WHAT IS BEING ASKED
Below are several records. Retype exactly those lines running from the one with "TRILOGY RUN ASIA 2020 Leg 3 - VIRTUAL RUN" through the one with "Postle_Construction_ConcreteForming23.jpg", end lines included, and no others.

RECORDS SHOWN
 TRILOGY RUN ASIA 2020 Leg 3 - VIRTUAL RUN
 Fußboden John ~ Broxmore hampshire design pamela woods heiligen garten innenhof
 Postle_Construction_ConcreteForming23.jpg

--

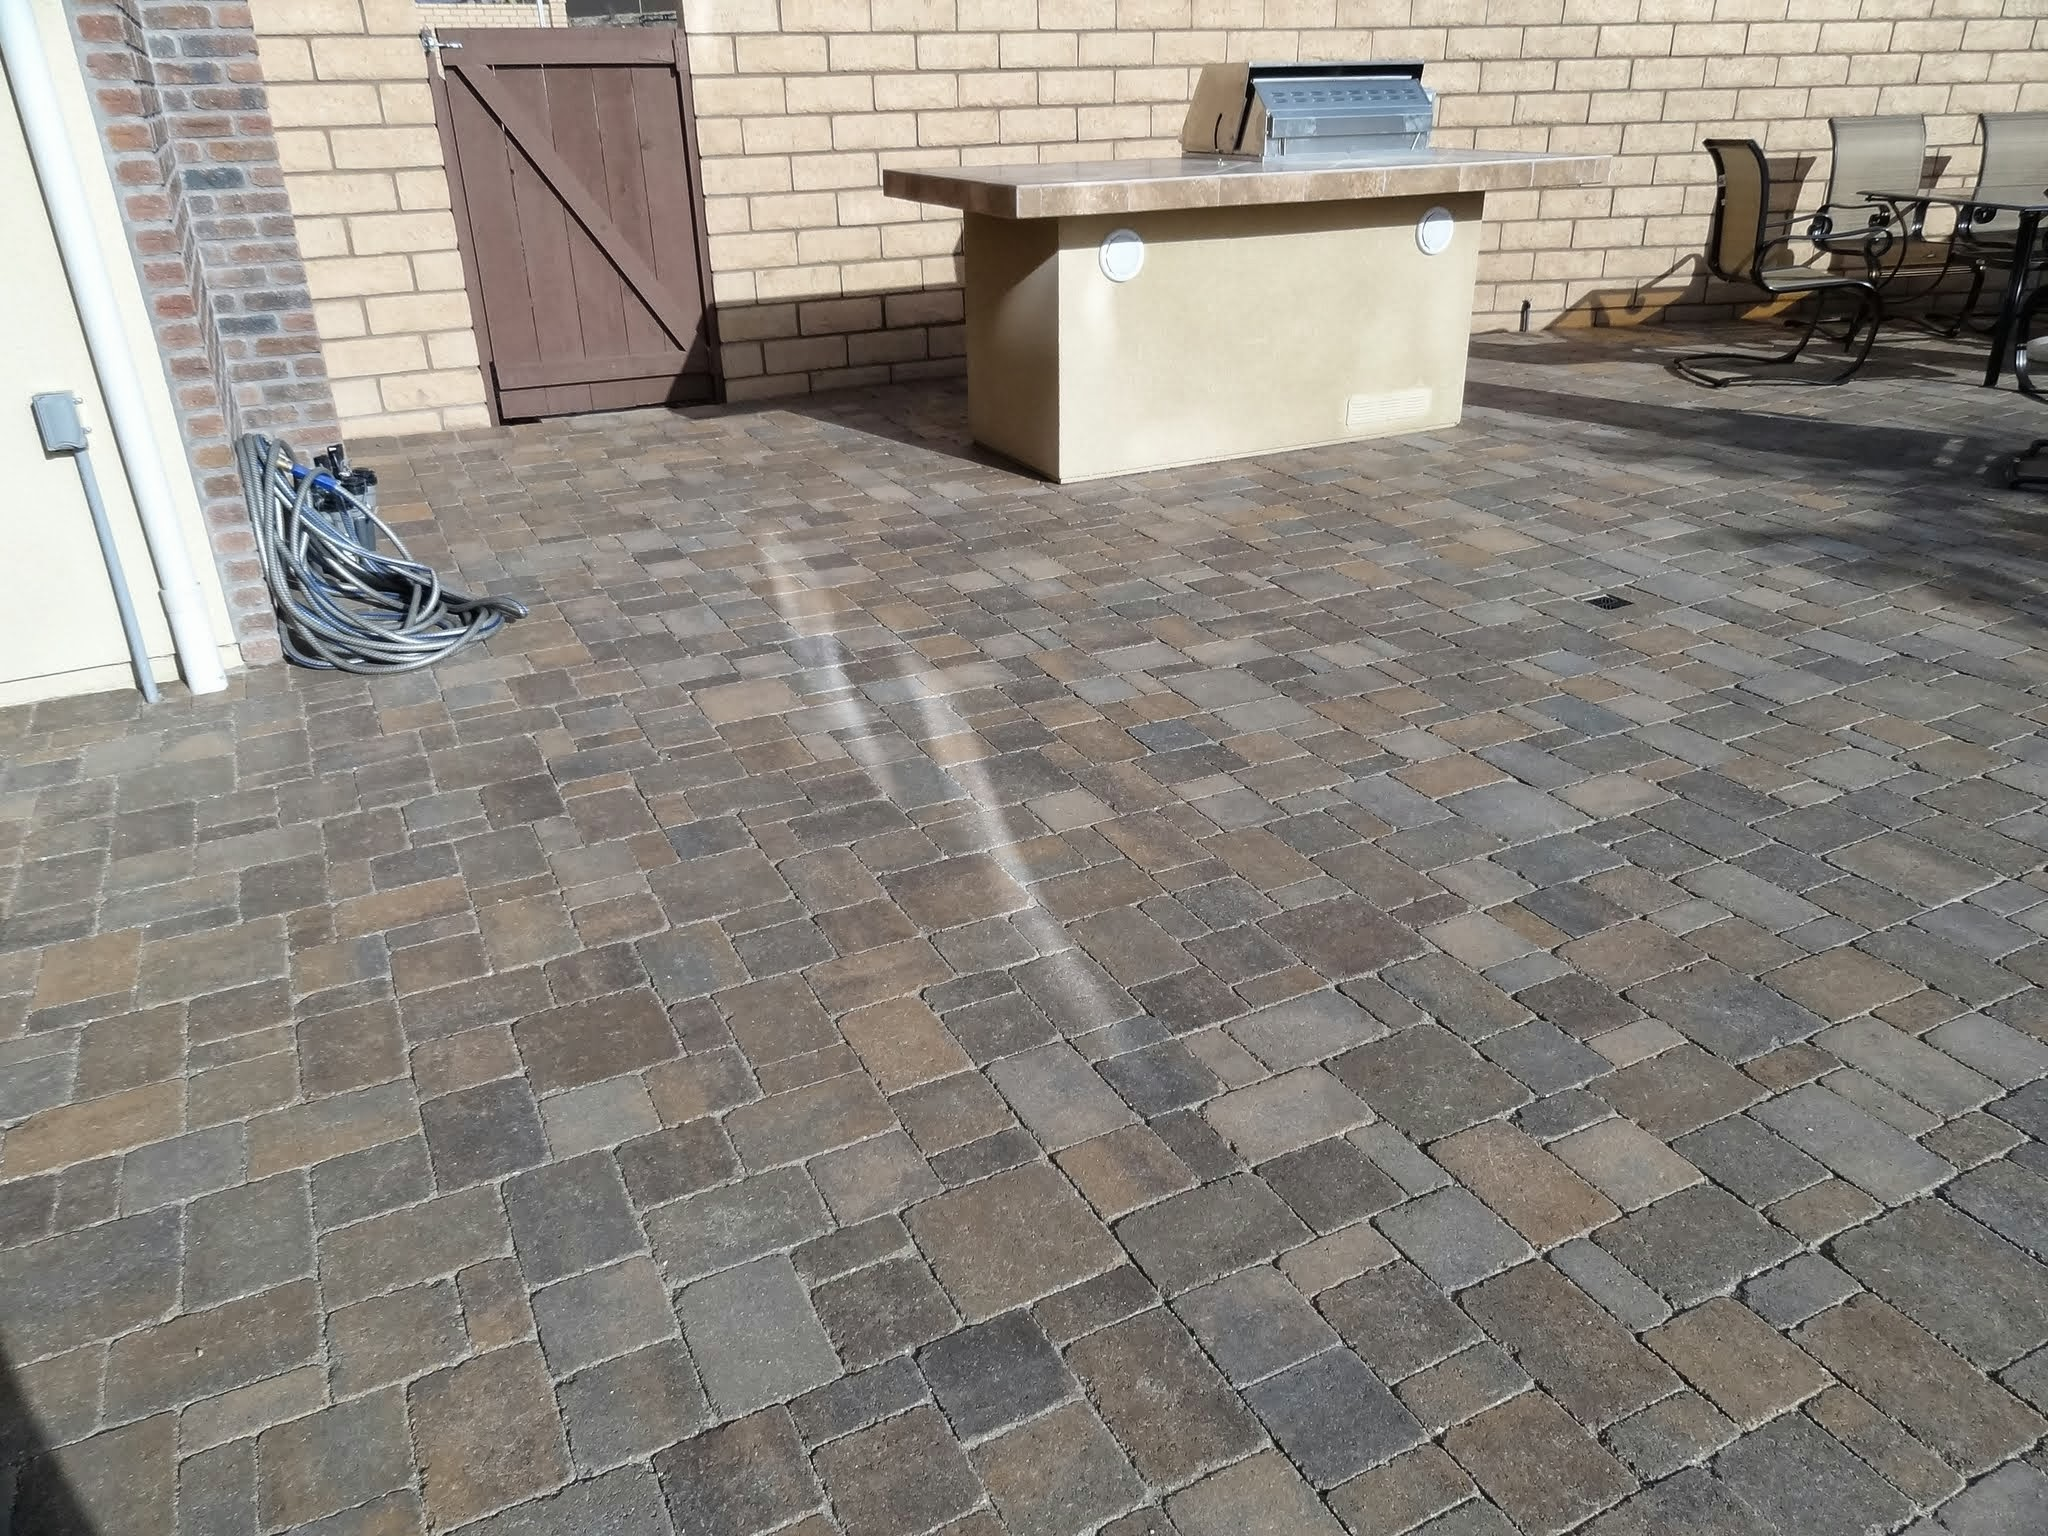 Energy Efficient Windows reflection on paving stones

EXERCISE RESPONSE
 TRILOGY RUN ASIA 2020 Leg 3 - VIRTUAL RUN
 Fußboden John ~ Broxmore hampshire design pamela woods heiligen garten innenhof
 Postle_Construction_ConcreteForming23.jpg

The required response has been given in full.